This paper put forwards 10 concrete ideas to trigger such quest within an open framework. It is not a recipe for change but an attempt to feed a much-needed debate. The goal is to collect further ideas, to generate interaction amongst different opinions, to encourage a problem-solving exercise so that a Vision for a 21st Century Europe can become a common ground for anyone interested in moving toward a shared goal.

The ten ideas are the following:

  1. Europe Beyond the Union: A Pragmatic Approach to Multiple Integrations
  2. Global Digital Platforms as the Raison-d’Etre Of 21st Century States
  3. European Demos and European Citizenship: A Bundle of Rights and Responsibilities
  4. From Text-book Reforms to Agile Experimentations
  5. Europe as a Laboratory of the Democracy of the Future
  6. Africa and the Middle East
  7. Moving the Euro (and the Banking Union) Beyond The Rhetoric of the “Too Big to Fail”
  8. A Distributed Model to Produce and Consume
  9. A Rebalance of Powers: More Cities and Less States
  10. A Re-Organized, More Efficient Commission

However, before jumping straight in, it seems important and useful to frame the problem.

Intro

The Nature of the European Crisis

Despite the rebound of the European economy from the doldrums of the Great Recession of 2007, for example, trust in European institutions has not been restored. We can no longer just believe that the European crisis is – as Clinton famously posed it – “about economics, stupid!”
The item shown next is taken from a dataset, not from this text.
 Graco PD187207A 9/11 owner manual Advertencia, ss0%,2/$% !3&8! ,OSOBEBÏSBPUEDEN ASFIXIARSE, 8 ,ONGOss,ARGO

The European political debate is to be refocused on the very concept of democracy, the sense of community, and the effective response to a widespread lack of sense of purpose. This lack of purpose is a challenge for many European citizens and their families, but also large part of European businesses and even the institutions governing social and economic interactions. Europe is facing a shift from a sense of being part of collective endeavours towards individual – or nationalistic – cynicisms, and a widespread disaffection and hostility towards the “technocratic elites” that find in the European project and European institutions their most recognizable representations.

In a study recently mentioned by The Economist and conducted by the University of North Carolina at Chapel Hill, the ANTI-ELITE and the ANTI-EUROPE rhetoric are by far the most powerful factors explaining how vote preferences have changed in the last decade. Neither economic criticisms (being more or less concerned with inequalities), nor the debate on immigration (those who want to limit inbound migration and those in favour of a more open society) seem to be as powerful means to mobilise European voters as the resentment against the so-called “elites”.
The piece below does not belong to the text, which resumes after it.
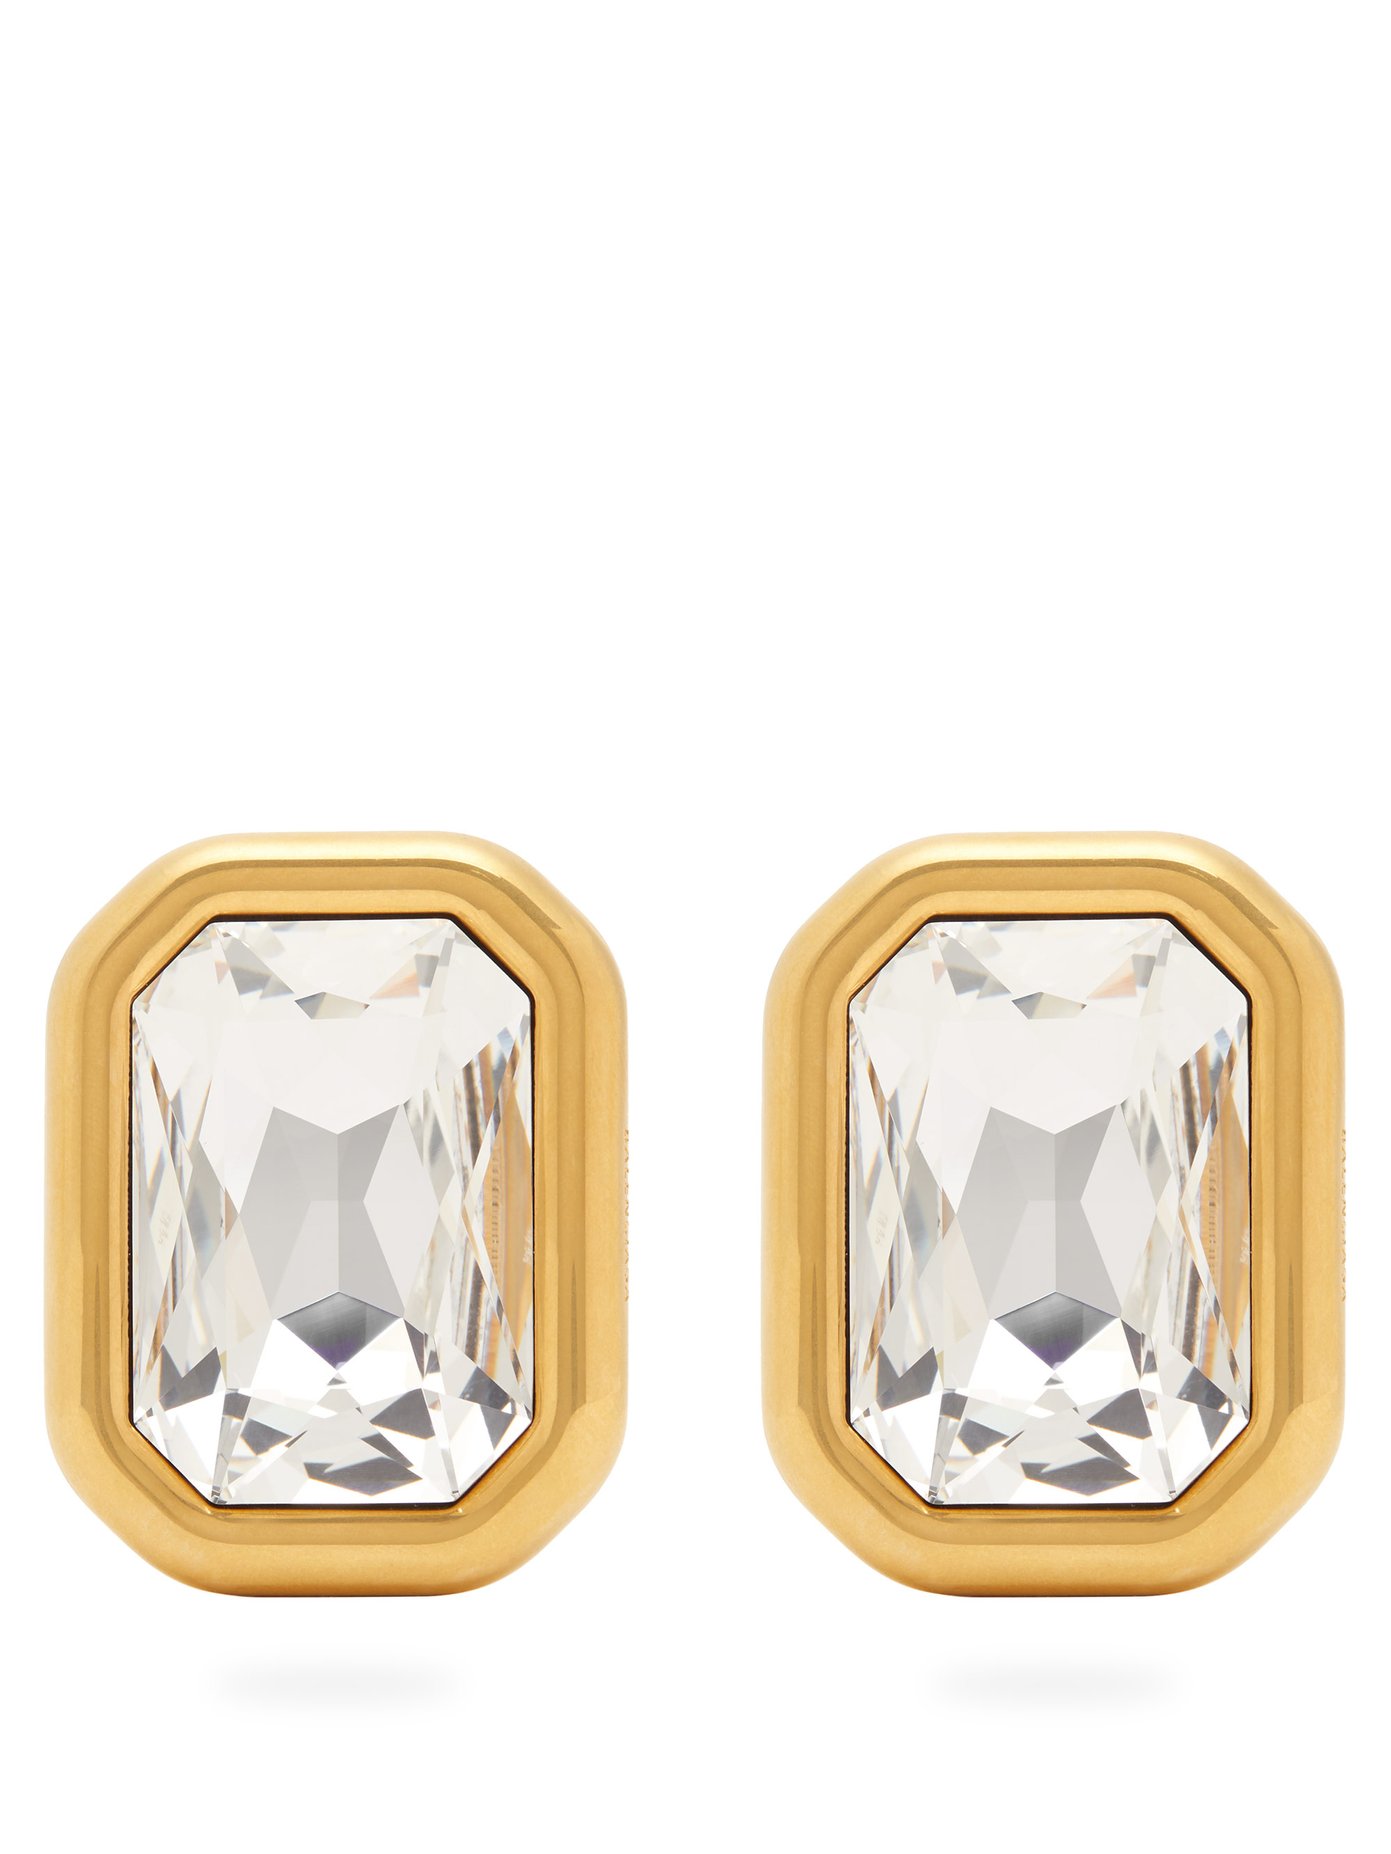 Dallas crystal clip earrings

It is, thus, imperative that we understand the reasons behind such shifts. How has Europe ended up coinciding with a (technocratic) elite? Why is the (vocal) public opinion so growingly hostile towards the very idea of a united Europe? Why years of debates amongst “progressive think tanks” around the concepts of “democratic deficits,” the “European demos,” and the “widening distance between institutions and (especially young) citizens,” have not prevented the EU from becoming more and more alienated to a growing share of its citizens?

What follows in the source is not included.